We are slowly, and in some cases reluctantly, waking up to the global ecological disaster of climate change, extinction of species and pollution.
However, there is another dimension to this global predicament which we should not ignore. It is not just the outer environment that is at stake but our inner environment and the connection between the two.
While an indigenous culture and its shamans would look first to the inner in order to understand the outer, this is not a part of our Western heritage. And while Eastern spiritual traditions have helped us to understand that personal transformation depends upon inner change, the larger, macrocosmic dimension of these teachings have been mostly overlooked. Yet any holistic, spiritual understanding of our present global predicament vitally needs this perspective.
How can we then "face the facts" and take real responsibility for our outer situation if we do not know or acknowledge what is happening in our inner environment, in the inner world of our own soul and the soul of the world?
Firstly it should be understood that just as it is our physical acts that affect the outer world and have produced our ecological crisis, it is our consciousness that directly affects the inner world.
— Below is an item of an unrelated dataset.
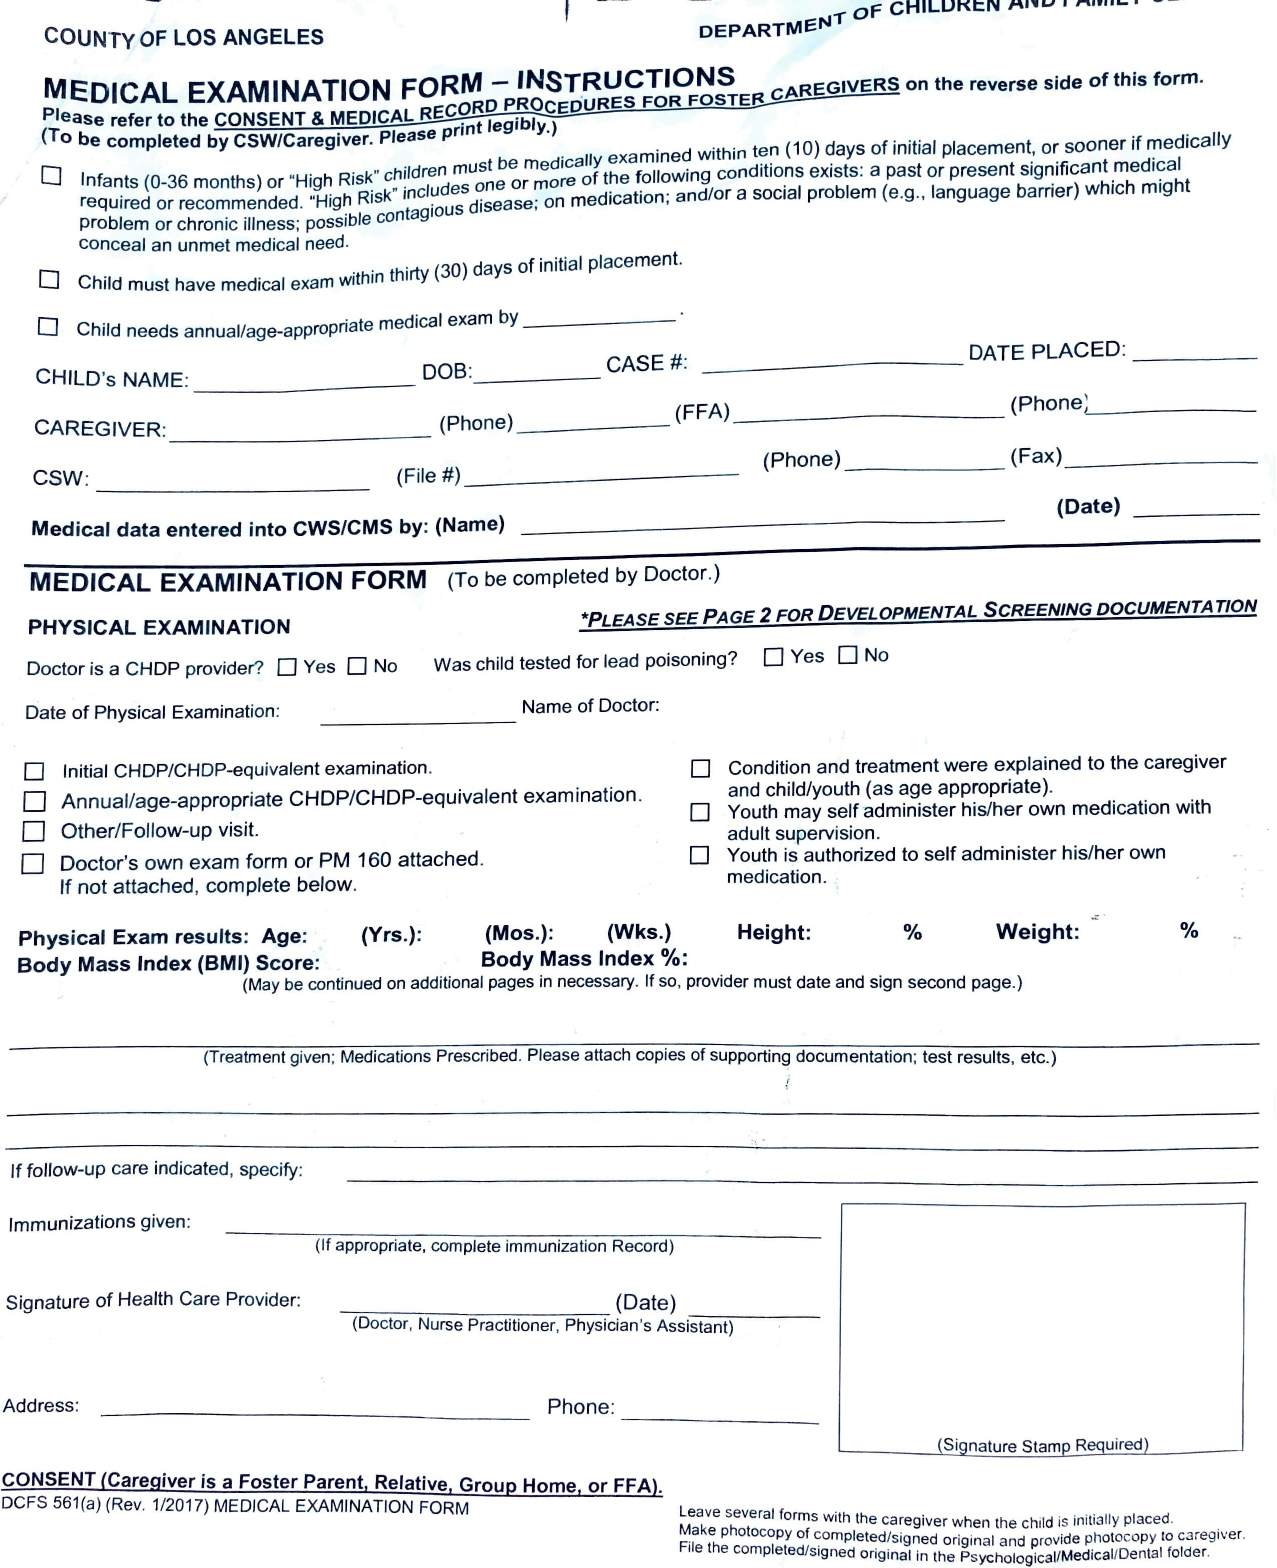 DCFS 561 A Medical Form

The inner worlds are shaped by the consciousness of humanity more than we understand, which is why so many spiritual teachings stress the importance of our attitude, the values by which we live. As Mother Teresa said, "It is not what you do, but the love you put in the doing." Our attitude of consciousness is a determining factor in the inner world.
It has been suggested that our present ecological disaster comes from an attitude of separation. Our Western culture focused on individual, material welfare at the cost of our interrelationship to the whole. We also separated the physical world from its roots in the sacred. This allowed humanity to abuse and pollute the world in a way that would be unthinkable for any indigenous culture that reveres the sacredness of creation.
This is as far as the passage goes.